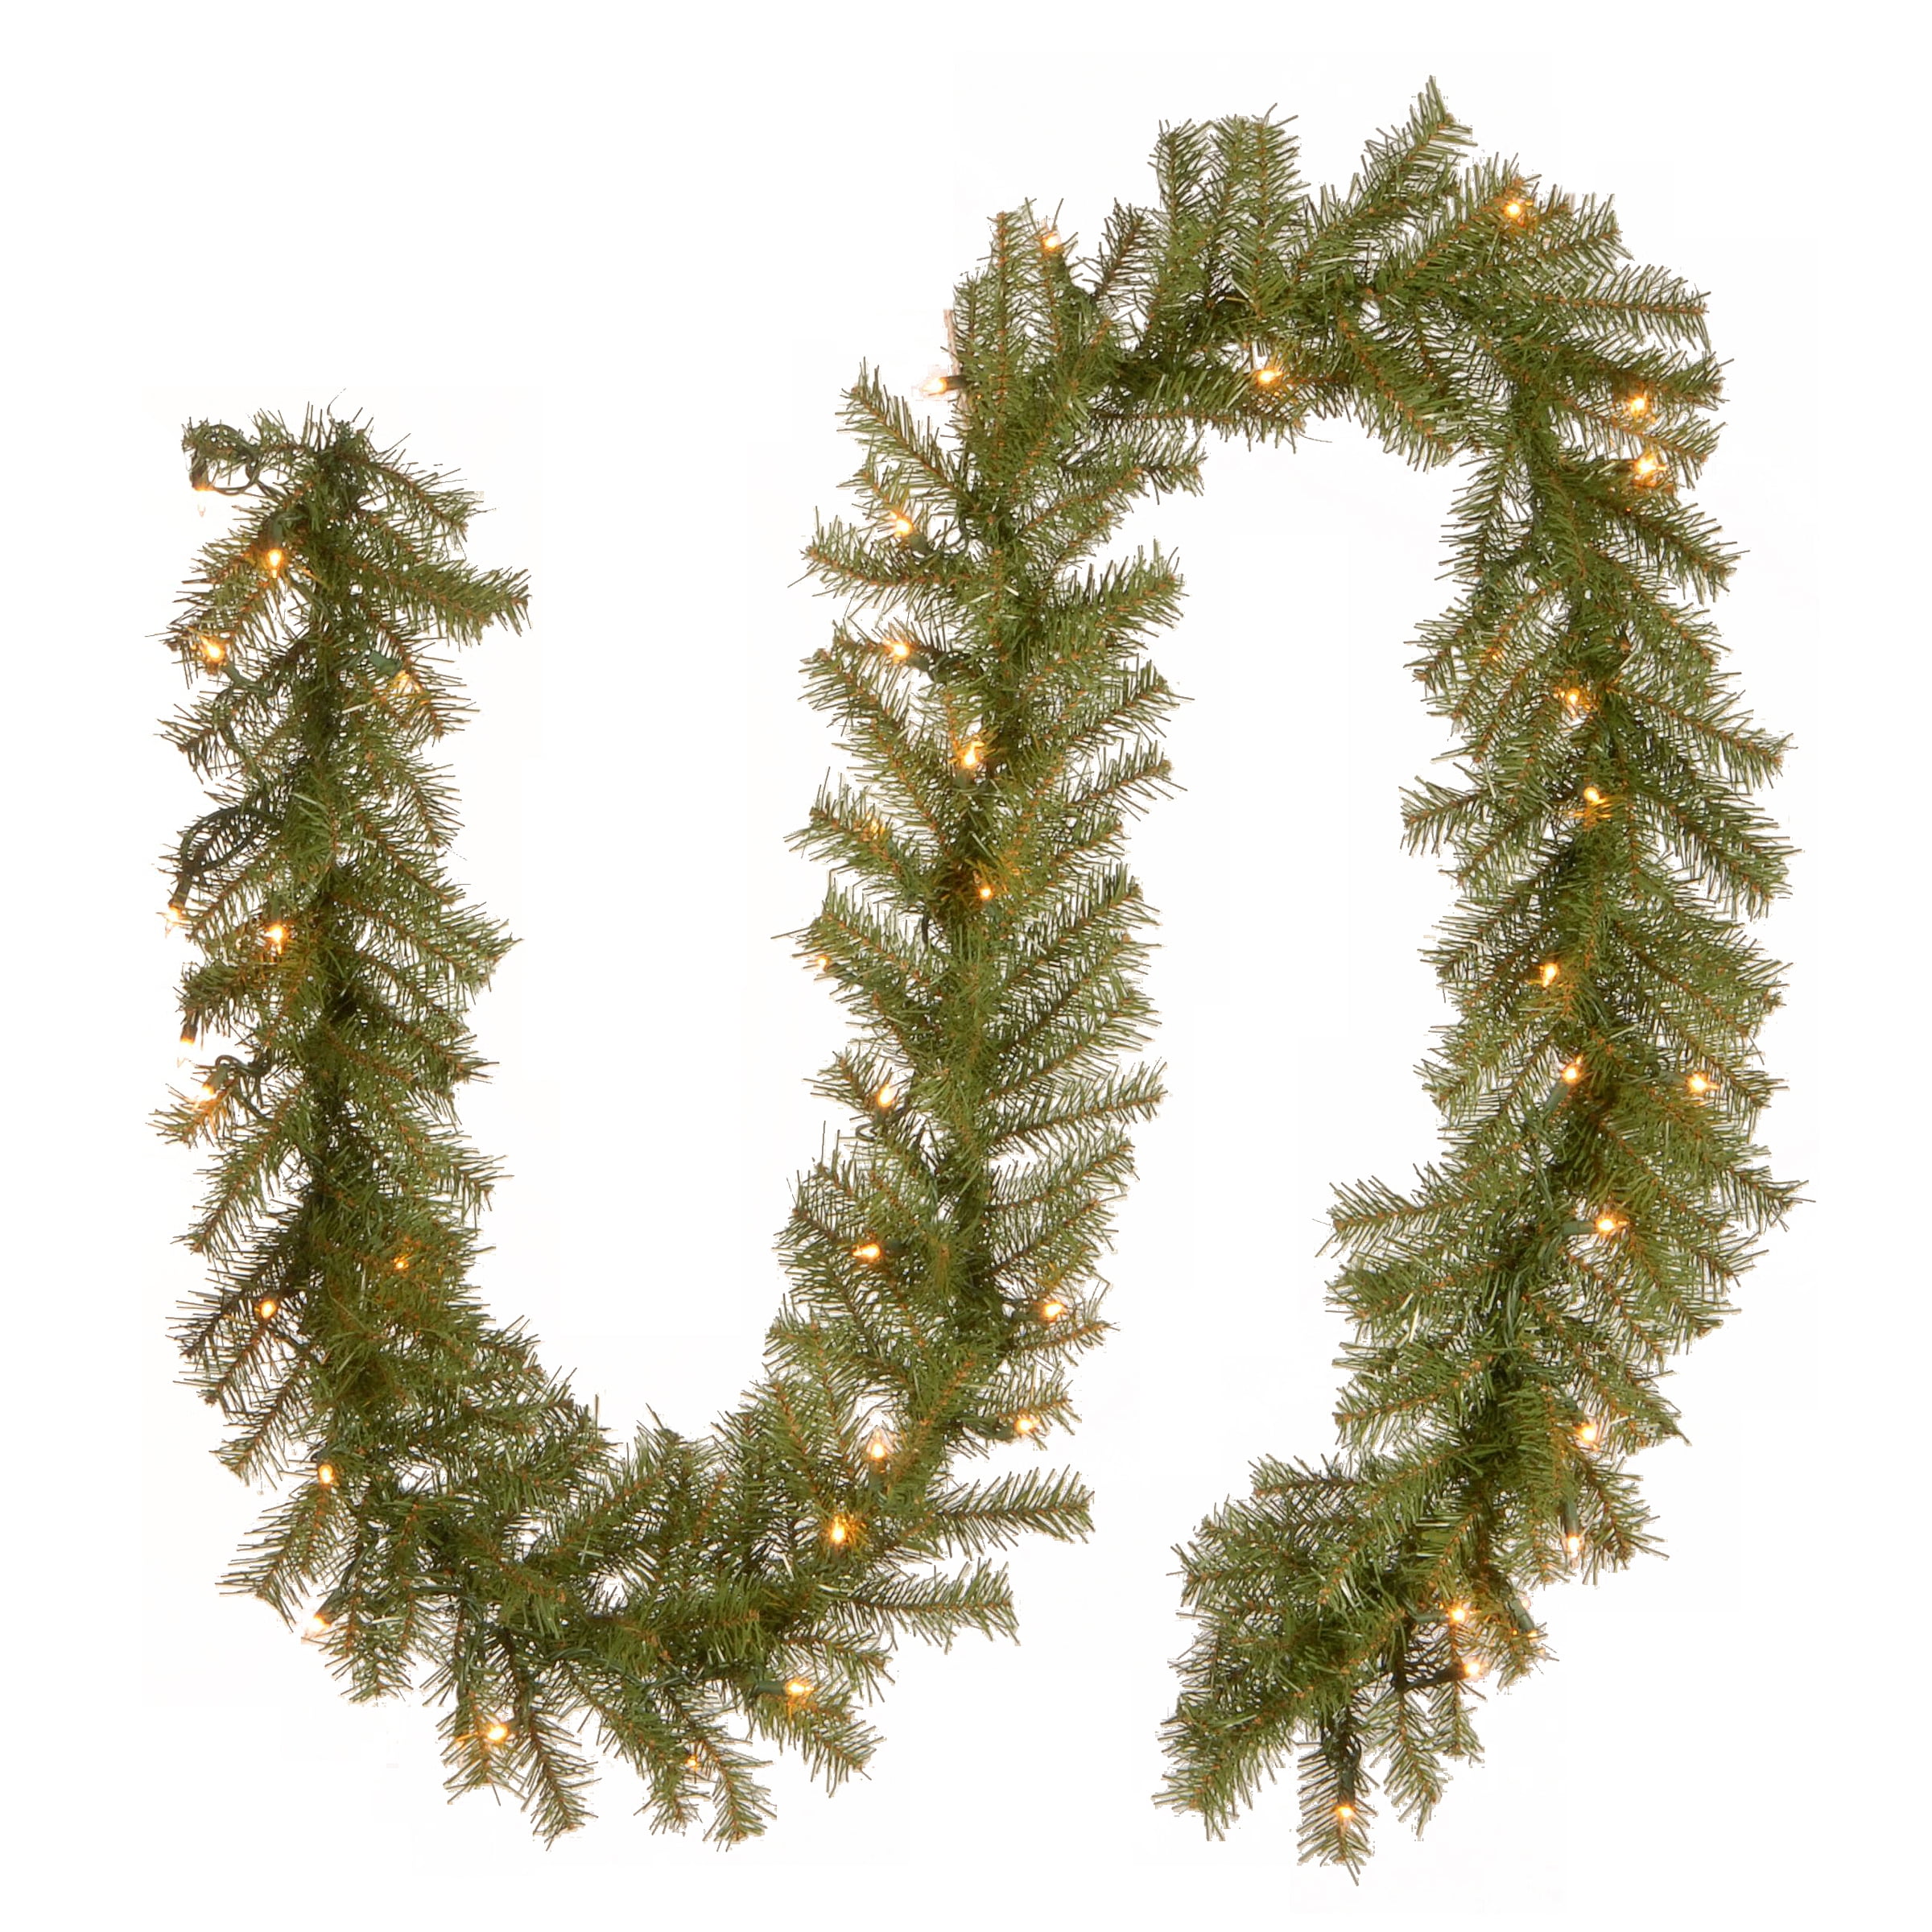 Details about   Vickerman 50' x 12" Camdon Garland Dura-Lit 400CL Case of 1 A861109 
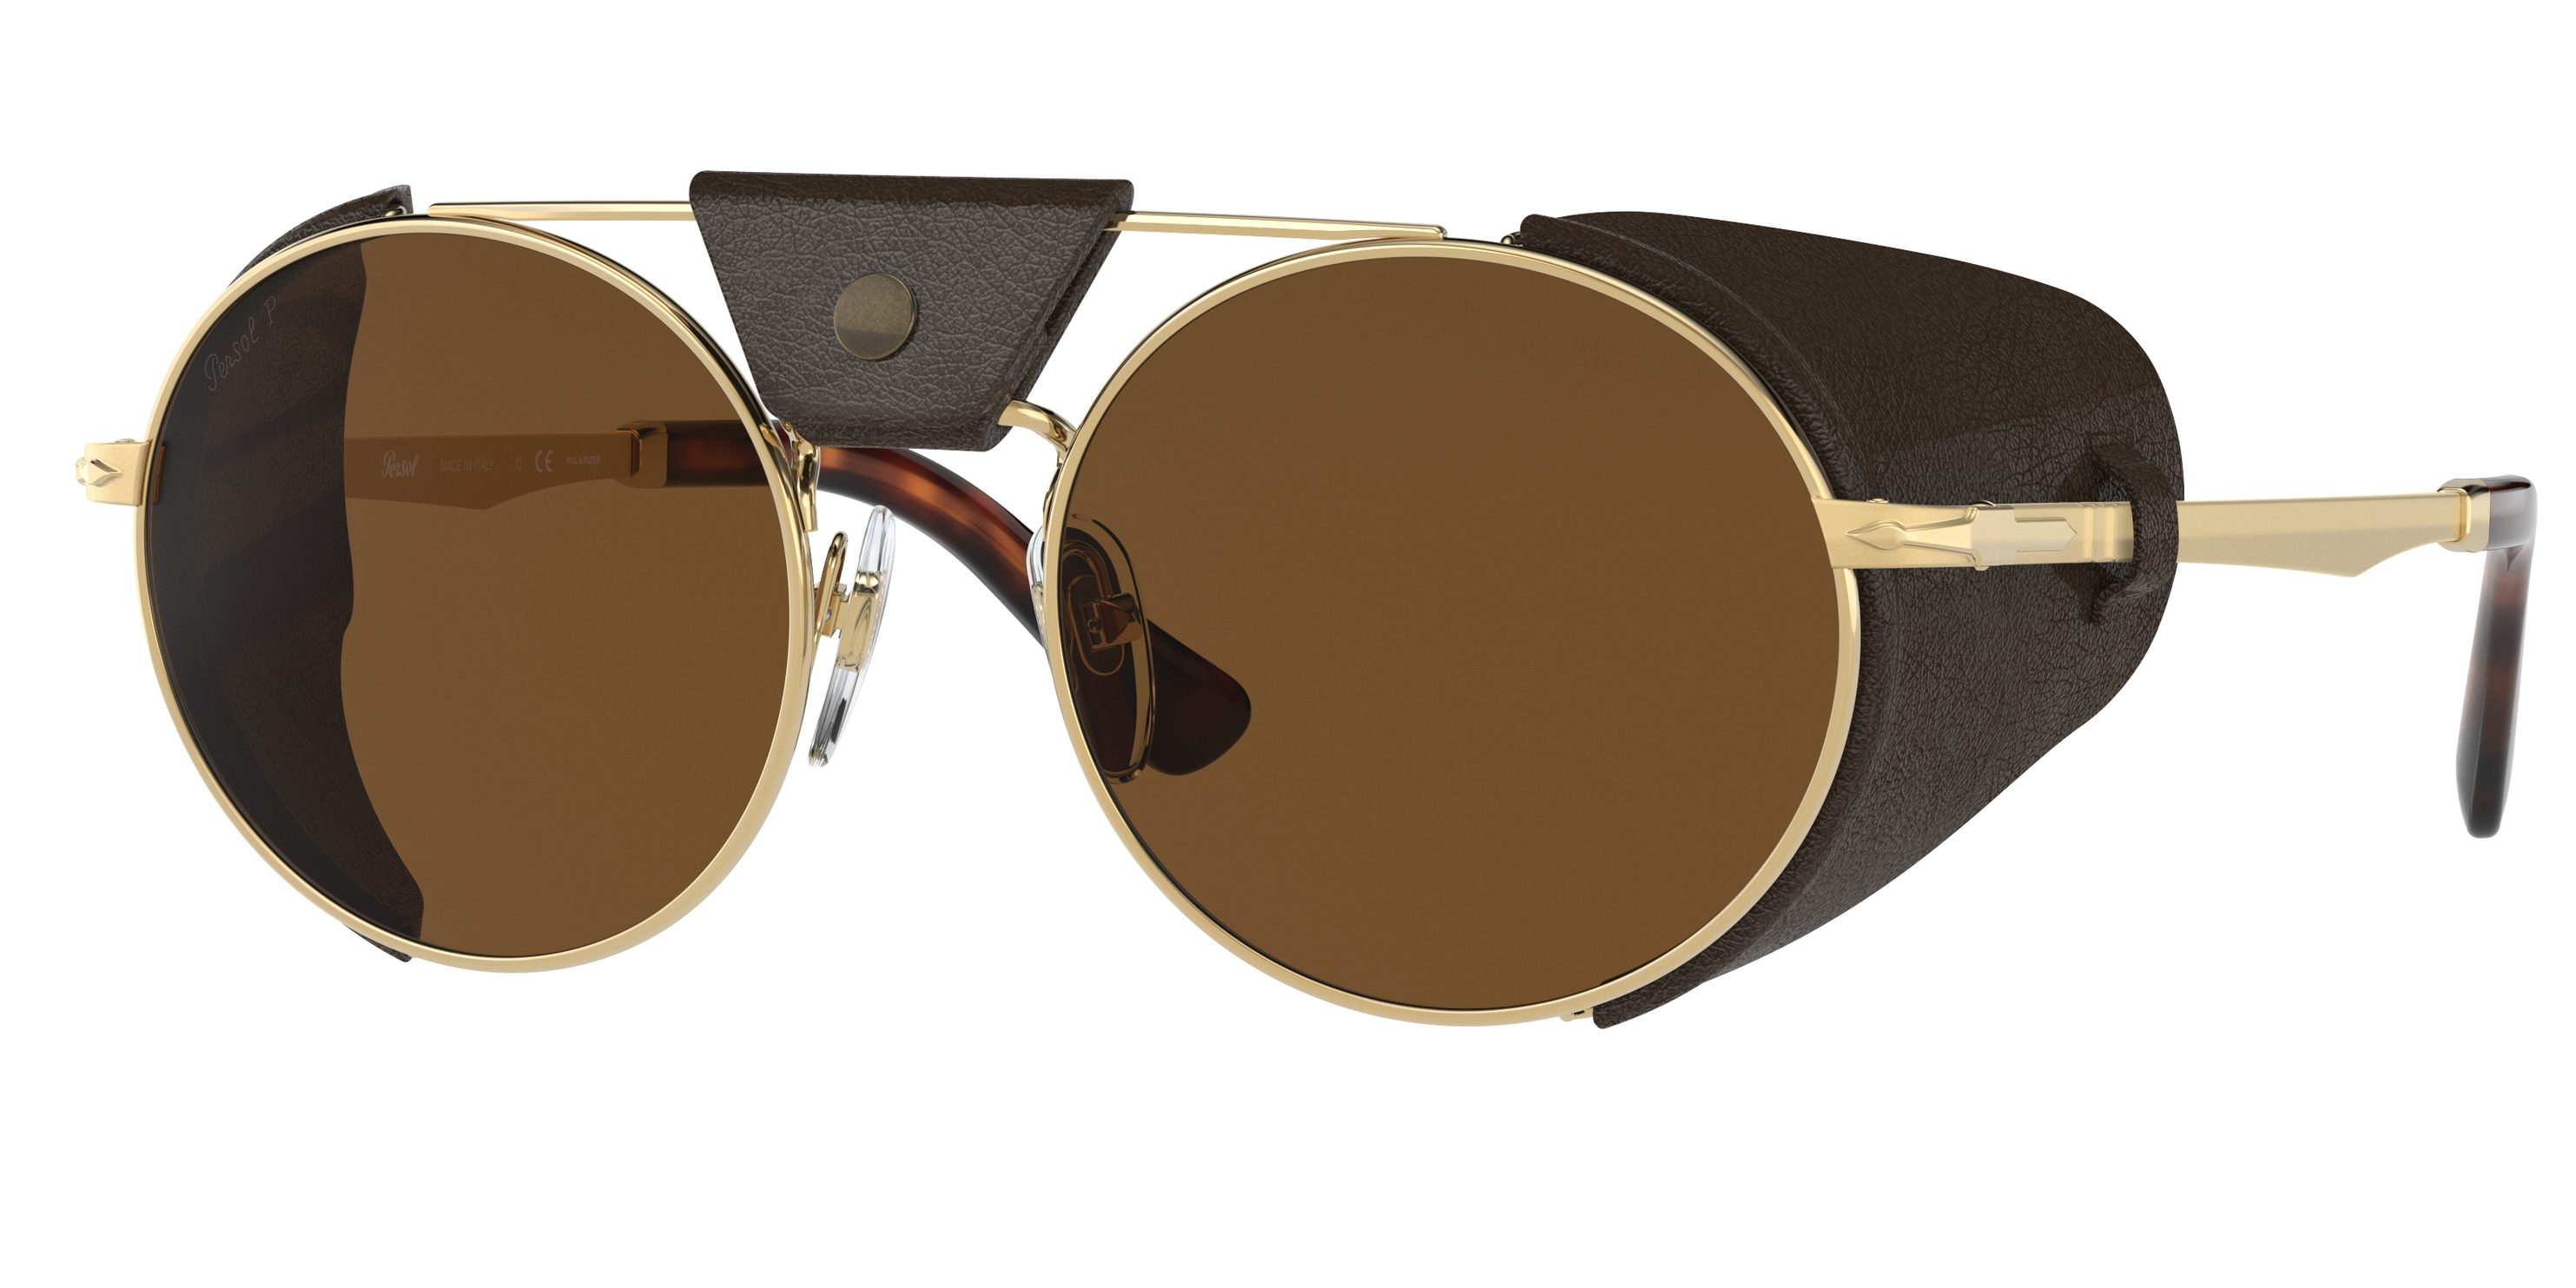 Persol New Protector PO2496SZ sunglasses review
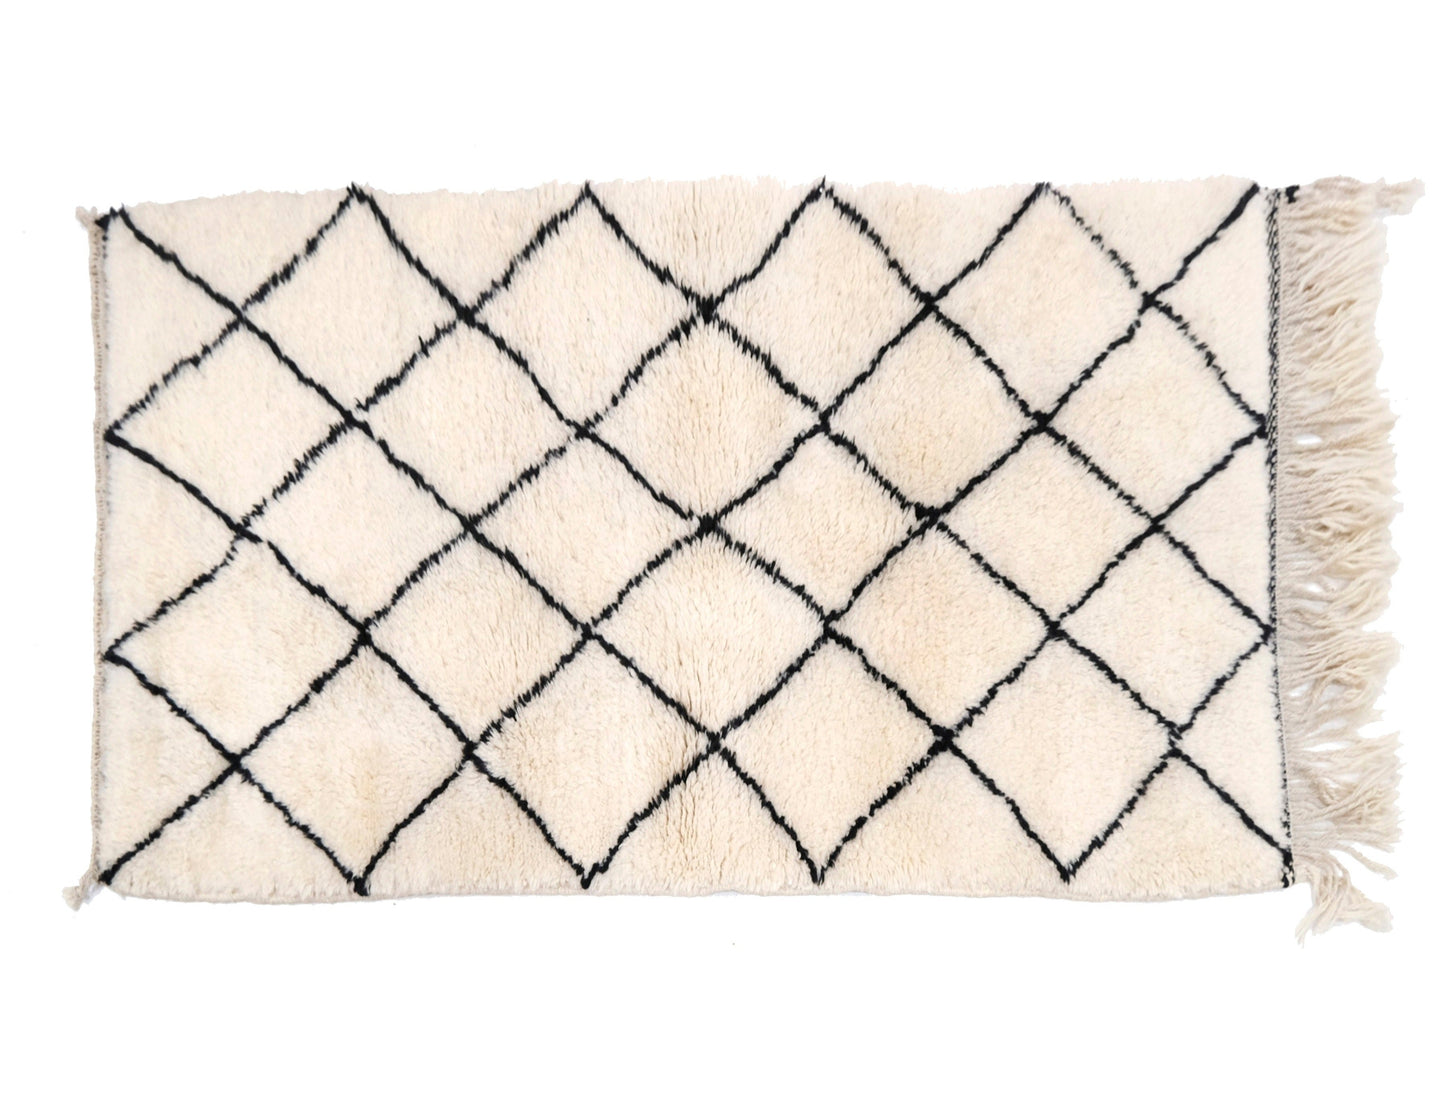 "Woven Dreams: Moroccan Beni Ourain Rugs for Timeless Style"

WORK ITEM :: Each line of the data above must be reproduced as written. Skip the pictures.

OUTPUT BELOW ::
 Details about   Vickerman 50' x 12" Camdon Garland Dura-Lit 400CL Case of 1 A861109 
 Persol New Protector PO2496SZ sunglasses review
 "Woven Dreams: Moroccan Beni Ourain Rugs for Timeless Style"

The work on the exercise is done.